Identity is a recurring theme in the wide-ranging programme. Amal, about the Egyptian girl in a man's world is already a telling example of this. In a very different way, the theme surfaces in the French-Algerian China is Still Far Away. Director Malek Bensmaïl visits the Berber village where the Algerian struggle for independence erupted over 50 years ago. Now he films schoolchildren there, listening with visible boredom to lessons about the past and struggling with French grammar. Because Algeria may be proud and independent, but the language of the former coloniser is still indispensable for anyone who wants to achieve anything. If that is not a torn identity!
At the same time, it is a delightfully relatable portrait of local youth. Truant rascals who nevertheless board the bus with great bravado for a school trip to the sea.
Moving outpouring
Recognisable? Yes indeed, and according to Van Halsema that's the intention. We do not see the people from that Arab world as the embodiment of news clichés. They are not primarily people who are different from ourselves, but rather citizens, fathers and mothers, sons and daughters. Nuanced images that are much more personal than we are usually presented with, and therefore more recognisable and also more universal.

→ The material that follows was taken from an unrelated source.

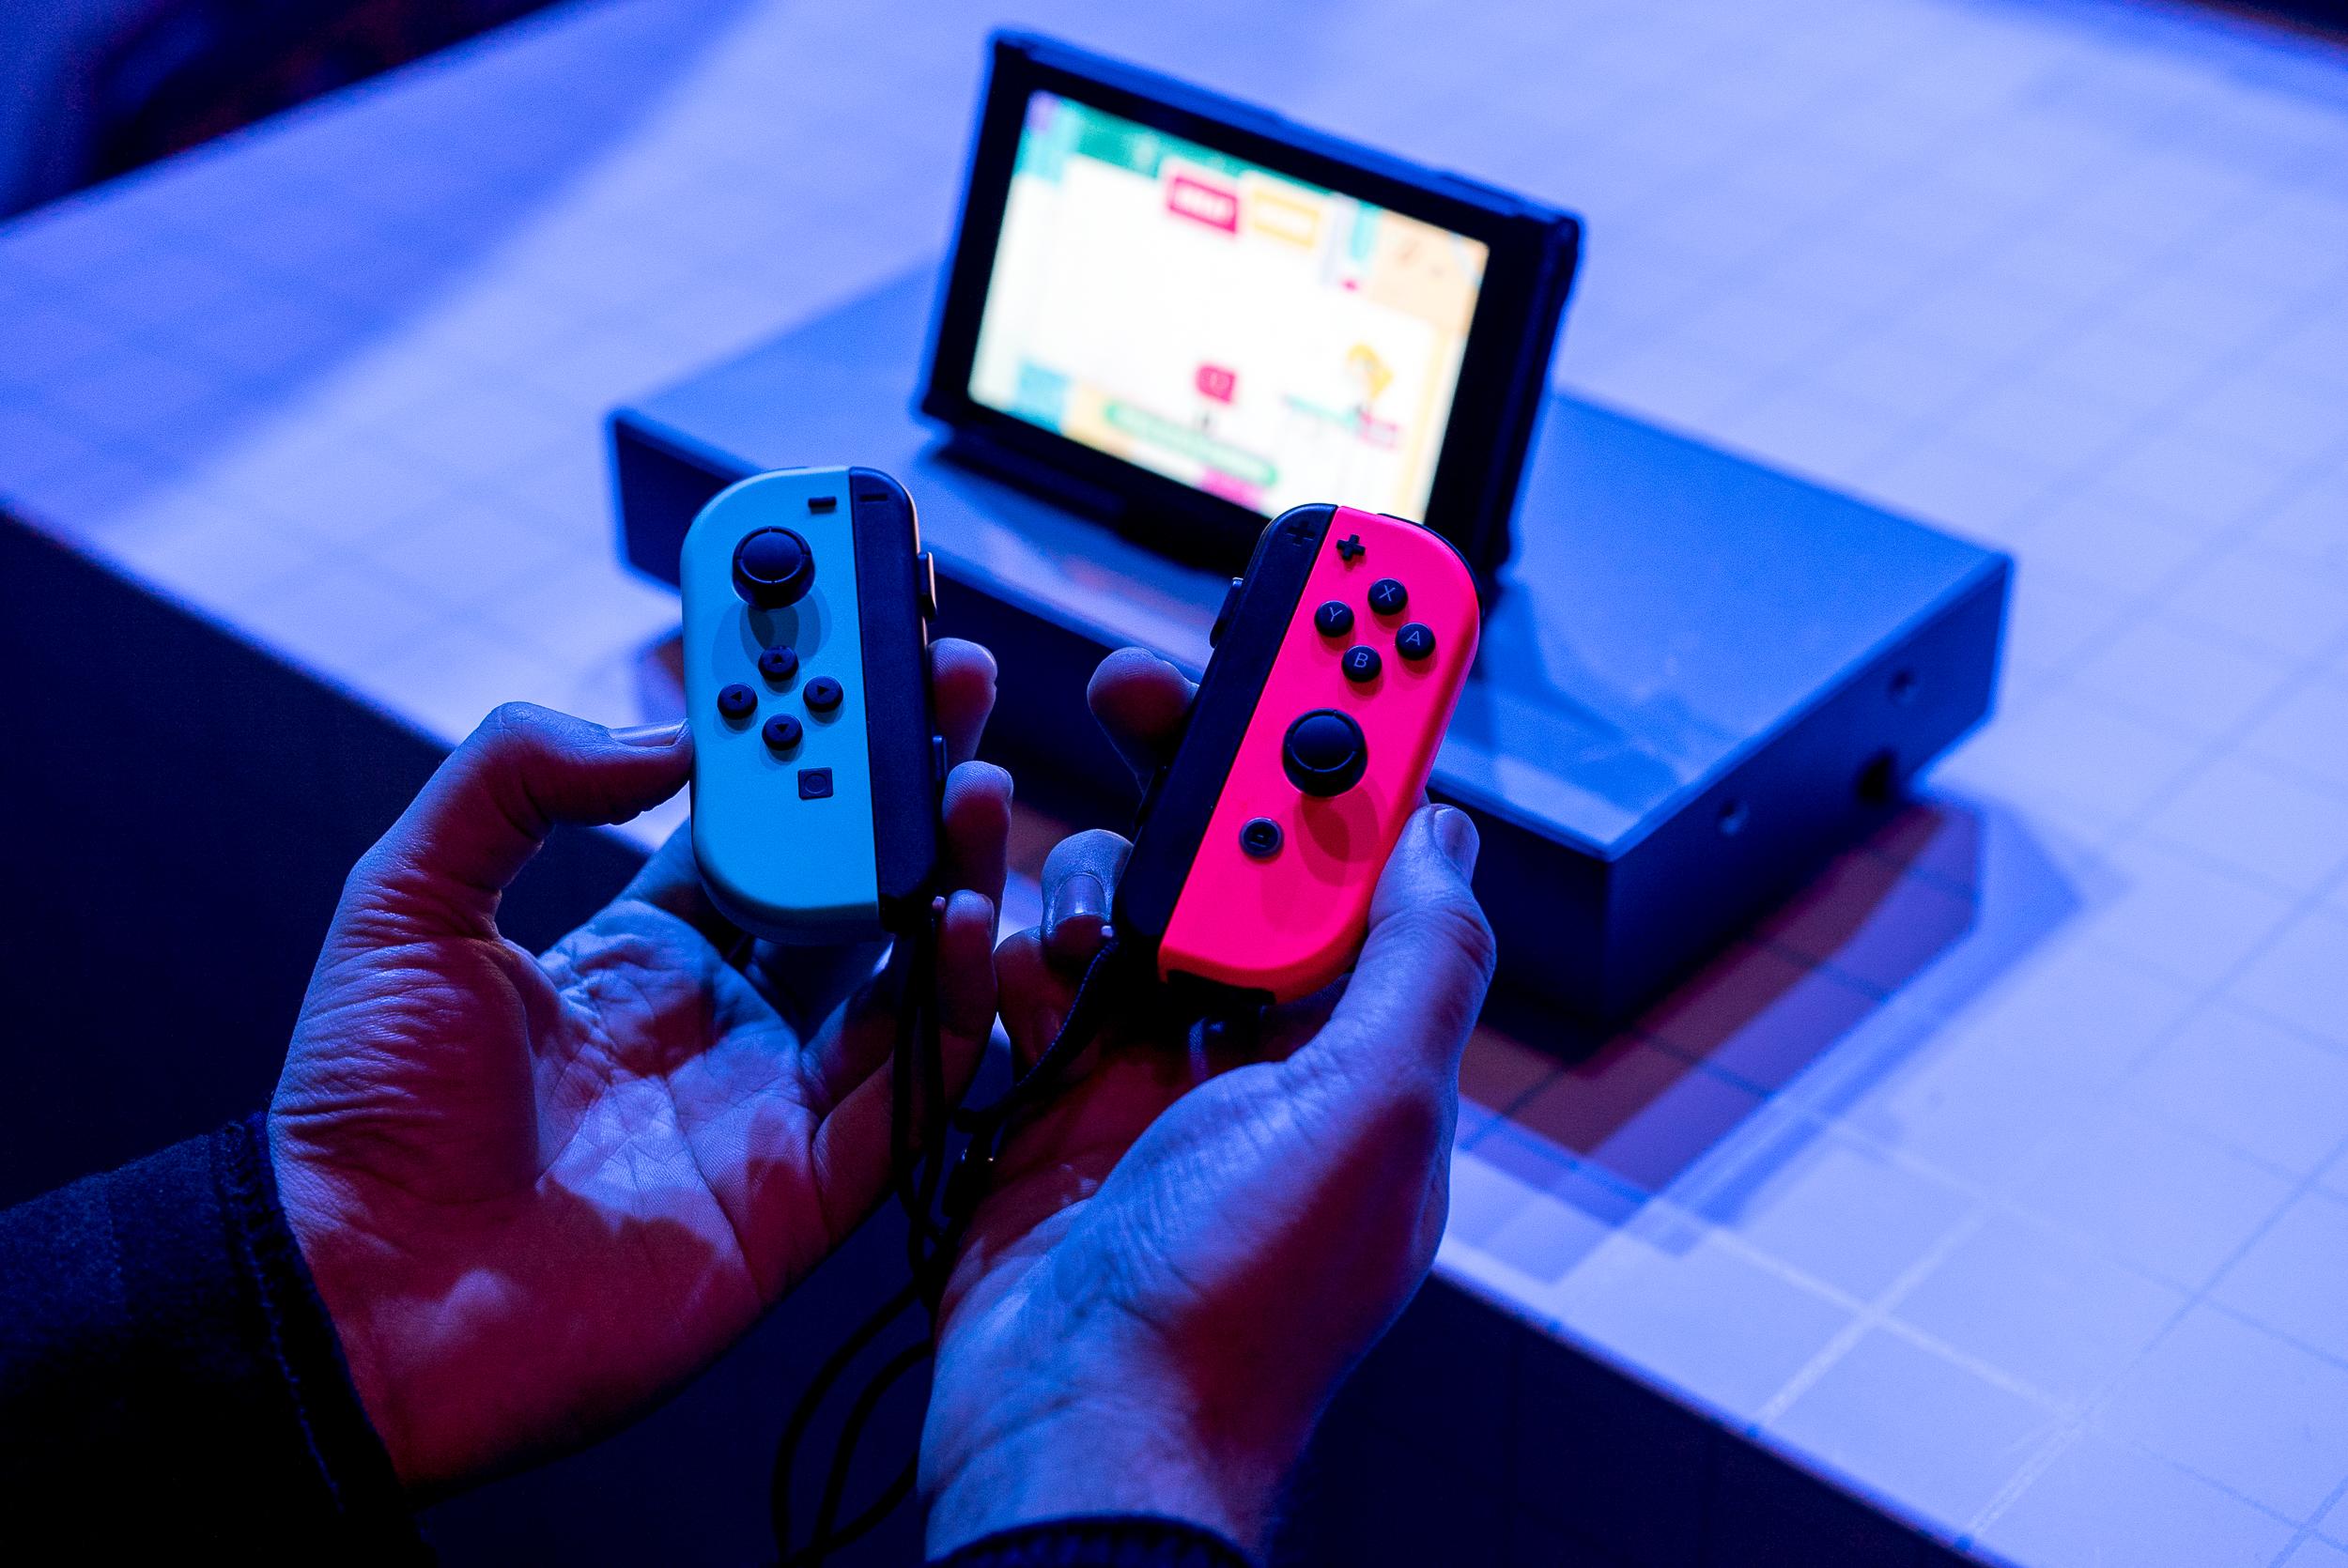 Nintendo's Joy-Con controllers.

I was moved by the cleaning lady's unexpected but telling outpouring in China is Still Far Away. At Homeland I had to laugh at the students half-jokingly wondering where the invasion is now. They had counted on the exams being cancelled. Now they threaten to go ahead anyway even though they haven't prepared. But later in the same film, a tour of the poverty-stricken neighbourhoods where disconcerting stories emerge after the fall of Saddam.
And the monty teenager Kanar? Who is doing her homework by an oil lamp during one of the many power cuts. Her little brother, meanwhile, shows off the brand new satellite dishes on the roof. Under Saddam these were banned. At last they can now receive foreign channels, he reports happily. It is almost reassuring, were it not for the fact that by then the filmmaker has already severely warned us of something to come.
The 30th International Documentary Film Festival Amsterdam will take place from 15 - 26 November.